As a prerequisite to training a model to mimic Joey’s personality was training a model to sound human in general. To this end the model was pre-trained on an additional dataset of general question and answer pairs. Ideally this would help the model to form more proper English sentence and respond appropriately to questions made by the stater. Around 500 generic data points were used for training . This was called the generic question and answer dataset. 20 percent of each dataset was used as testing data and the remaining was used as training and development data.
The dialogs were broken into words and punctuation mark. A word here does not have to reference and actual English word but a maximal sequence of characters excluding punctuation marks and white space. Punctuation marks were treated as individual tokens in an attempt to help the model to better understand questions, statements and commands. Numeric data was removed to reduce vocabulary sized and start and end tokens were added responses.
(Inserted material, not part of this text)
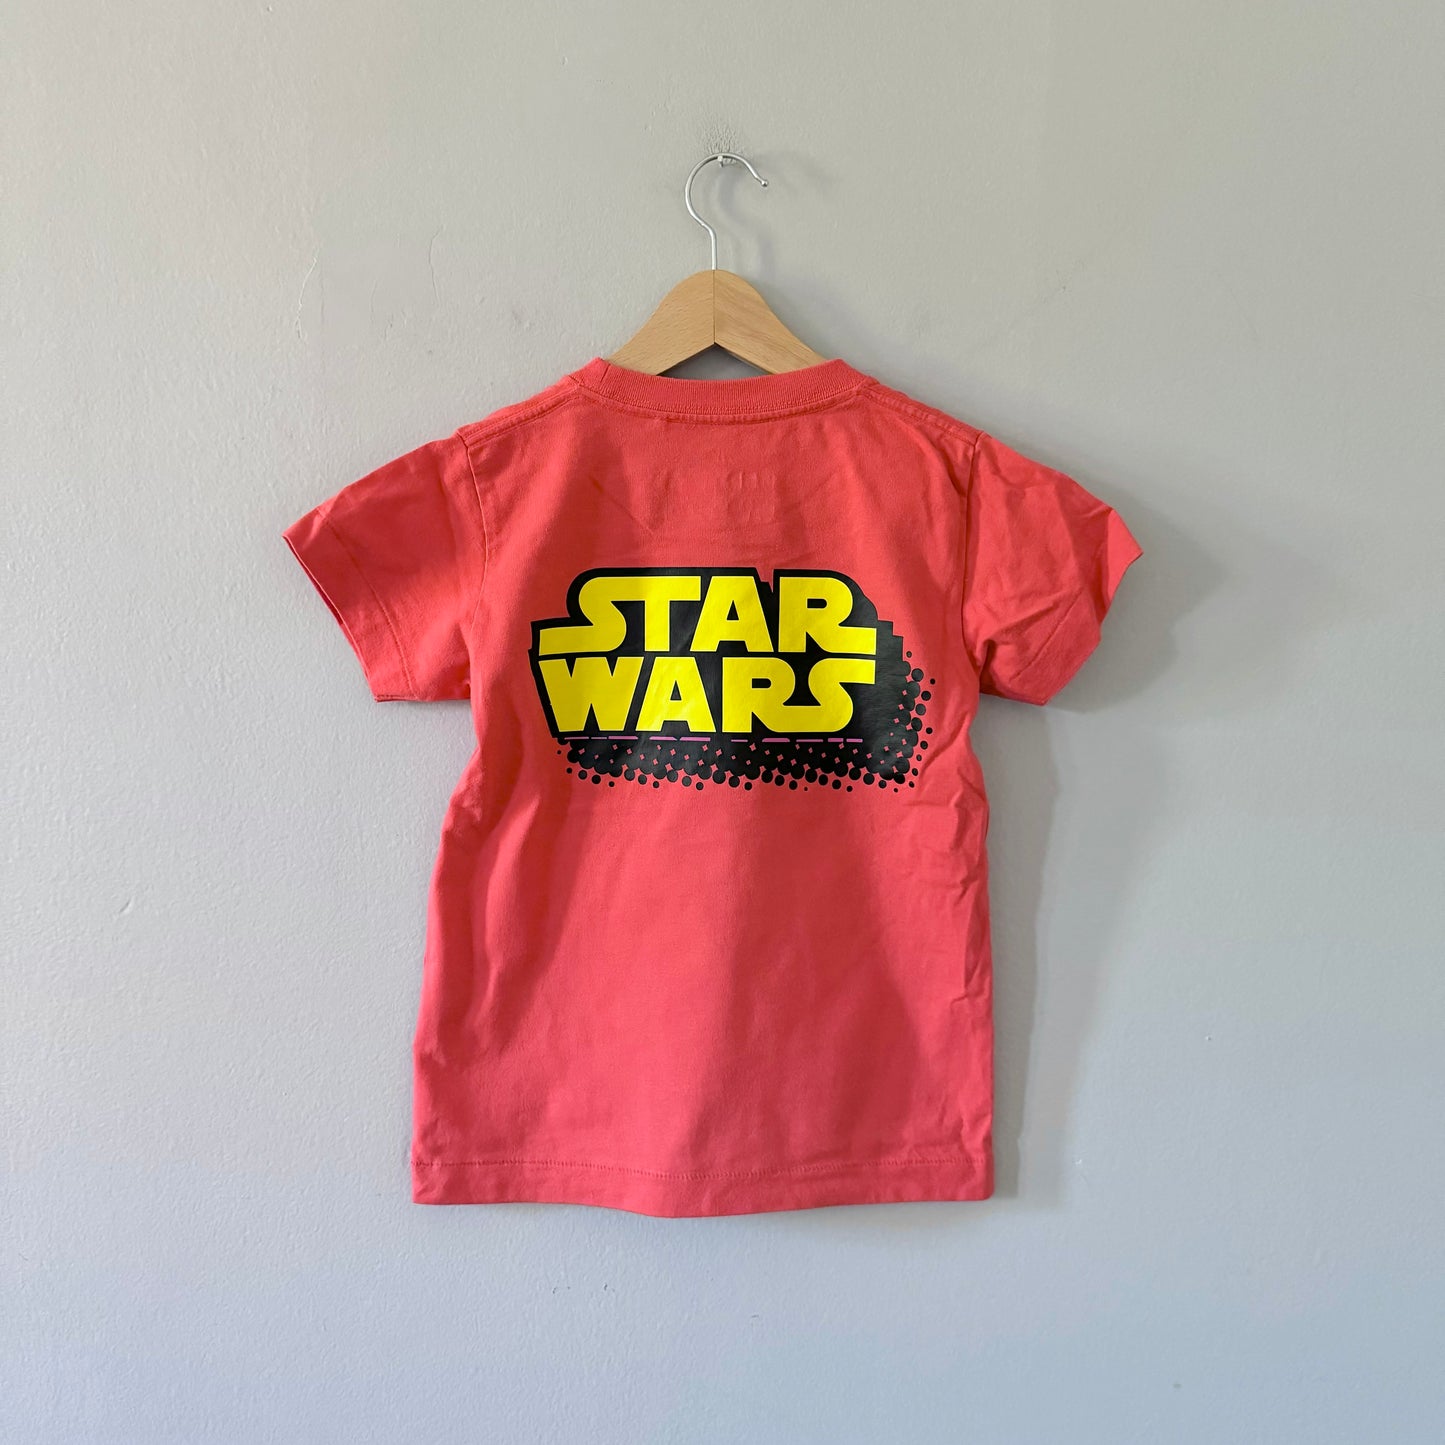 Uniqlo / Star Wars orange T-shirt / 4-5Y

To make the above data ingestible for the embedding layer of the model, every word, punctuation mark and tag was mapped to a numeric token. The Tokenizer consumes the entire corpus to create this mapping which is then applied to every statement and response in the dataset to create a collection of input and output sequence pairs.
The next was Padding the tokenized sequences with zeroes so they all have the same size. The input sequences were pre padded while the output was post padded.
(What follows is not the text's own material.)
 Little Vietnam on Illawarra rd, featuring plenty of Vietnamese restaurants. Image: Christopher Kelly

Next, every token in the sequence had to be given a unique vector representation. This was handle by the Embedding Layer. To provide contextual representations of tokens (words, punctuation marks and tags), GloVe 300-dimensional word embeddings were used to initialized the embedding layer weights.
Since the model outputs a softmaxed prediction on each token, the next step involved converting output tokens to one-hot vectors. Since the goal of the decoder was to predict the next token given the current token, the tokenized output sequence was shifted to the left by one step before being converted to one-hot vectors.
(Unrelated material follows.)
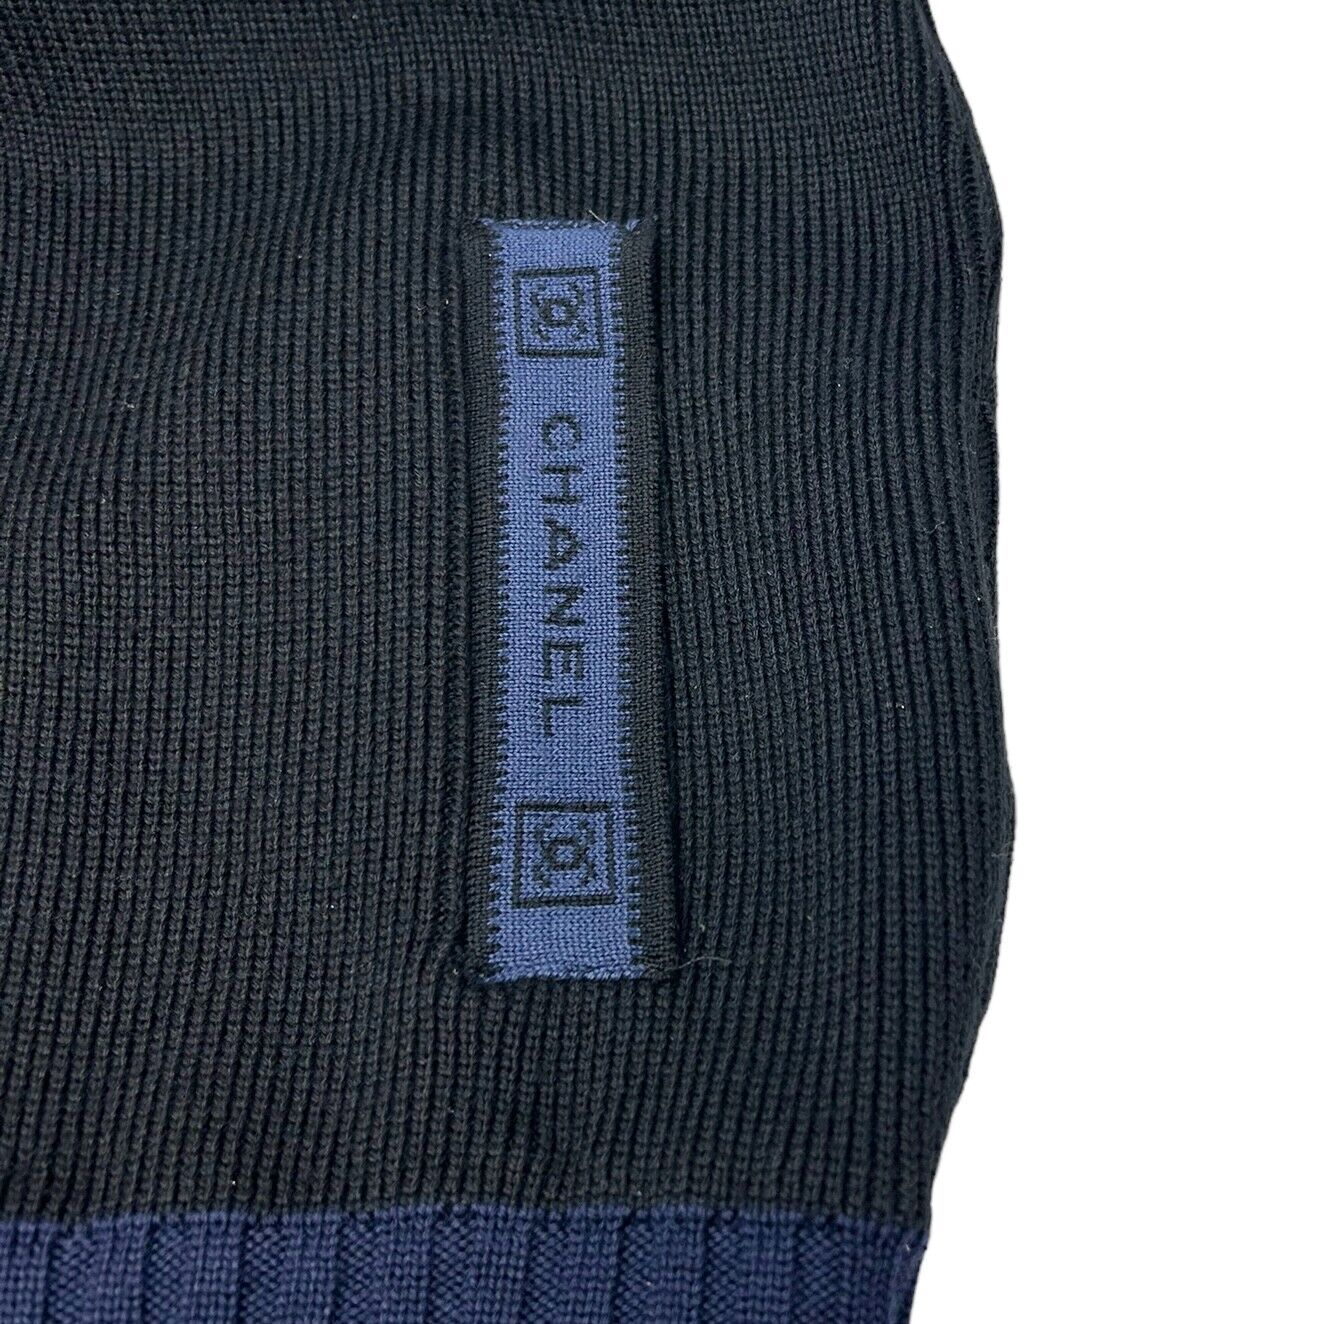 CHANEL Sport 04A Vintage Coco Mark Zipped Jacket #38 Black Navy Wool Rank AB

The Encoder and a Decoder LSTM is a Sequence to Sequence model. Padded input token sequences are converted to a sequence of word embeddings using a Embedding Layer as described above. Each of these word vectors are fed to the Encoder long short-term memory (LSTM) one at a time. The encoder LSTM tries to capture the essence of the encoded input sequence in two thought vectors, the output context vector and the hidden state vector.
Both thought vectors are then passed to the Decoder long short-term memory (LSTM). The decoder LSTM is fed a padded sequence of output word embeddings along with the two thought vectors. The decoder model is trained to use a Dense SoftMax output layer to predict the most likely output word among all words in the vocabulary.
Once the model is trained, an inference encoder and decoder model is created using the trained model weights. The inference encoder model takes in the statement vector and generates two thought vectors, the output context vector and the hidden state vector. The two thought vectors are fed into the inference decoder model along with a sentence start tag. All words predicted by the SoftMax layer are captured until an end tag is generated.